法规 / 标准节衰减极高. EU AI Act 实施细则、MCP 大版本、China 备案细则都在 active 演化期 (12 月内必更新).
本 prototype 是 minimal-viable scope. 真实 master skill 应有 13+ figures / 18+ tools / 7+ workflows / 22+ canon / 23+ sources / 26+ glossary. Phase 1.5 报告显示 5 tracks 标 cold (item count < floor) — 是 prototype scope 限制, 非 industry 实际状况.
中文圈 sources 严重不足. locale=global 但实际覆盖 ≥ 90% en sources, 中文圈视角缺失.
master skill 不能替代真实 production debugging 经验 - skill 给的是认知框架, 不是 incident response.

Time-decay Registry

This skill's modules decay at different speeds. Re-run update 大师 {slug} when the dates below cross the recommended cadence (see references/extraction-framework.md § 八).
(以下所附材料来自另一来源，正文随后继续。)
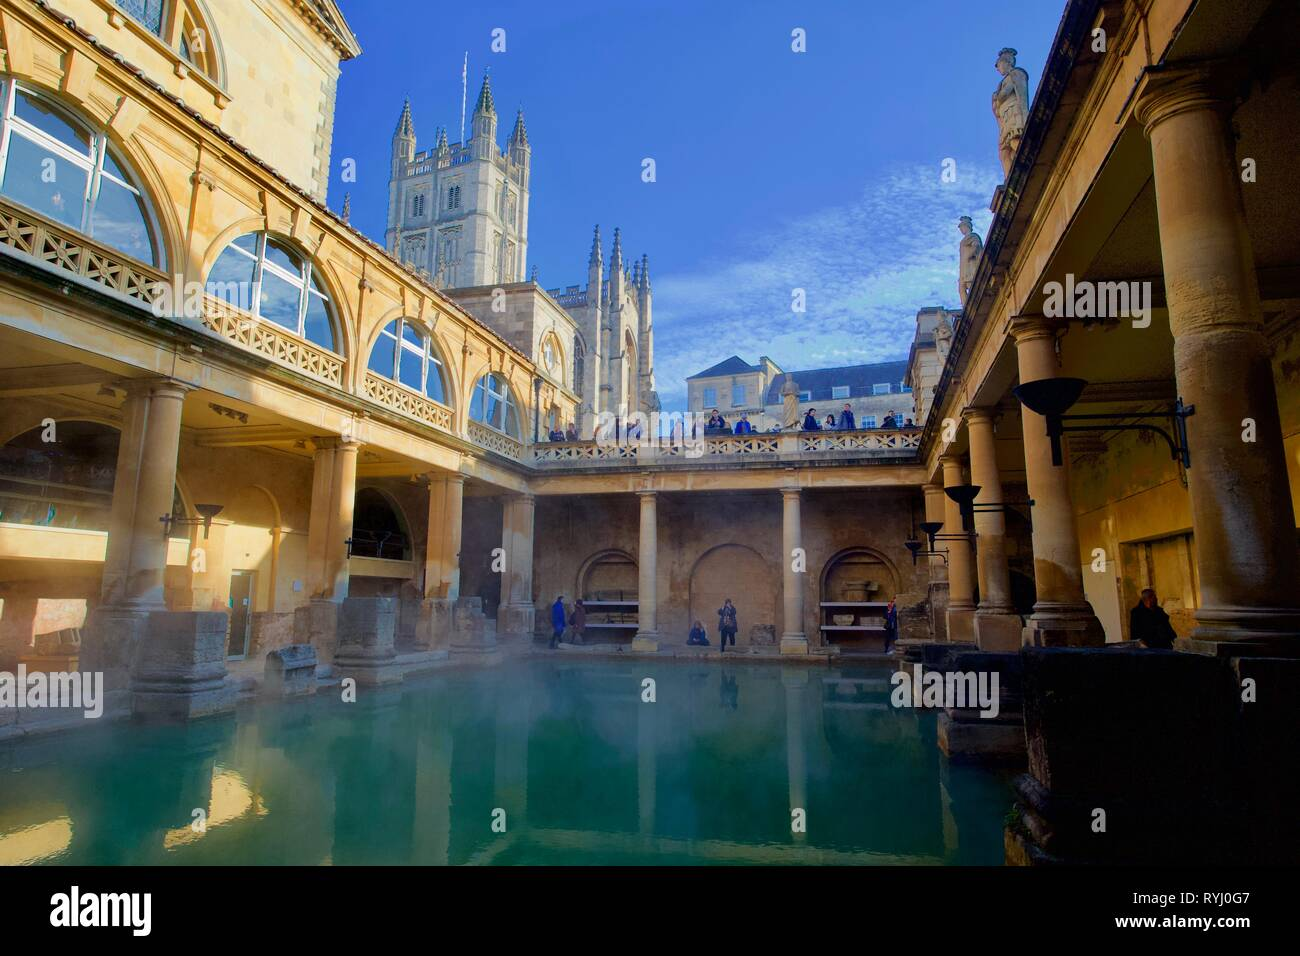 Roman Baths, Bath,Somerset, England - Stock Image

Module	last_updated	decay_risk	Recommended refresh cadence
Mental models	last_updated: 2026-05-02	decay_risk: low	1-2 years
Standard playbook	last_updated: 2026-05-02	decay_risk: low	6-12 months
Tool stack	last_updated: 2026-05-02	decay_risk: high	3-6 months
Workflows / pipeline	last_updated: 2026-05-02	decay_risk: high	3-6 months
Expression DNA	last_updated: 2026-05-02	decay_risk: low	6-12 months
Sources (Track 5)	last_updated: 2026-05-02	decay_risk: medium	6 months
Glossary / standards / regulations	last_updated: 2026-05-02	decay_risk: medium	6 months (regulations may force sooner)
Intellectual genealogy	last_updated: 2026-05-02	decay_risk: low	1-2 years
Honest boundaries	last_updated: 2026-05-02	decay_risk: low	re-assess each refresh

last_updated values reflect the synthesis date. Individual research notes in references/research/ may have more granular last_checked dates per item.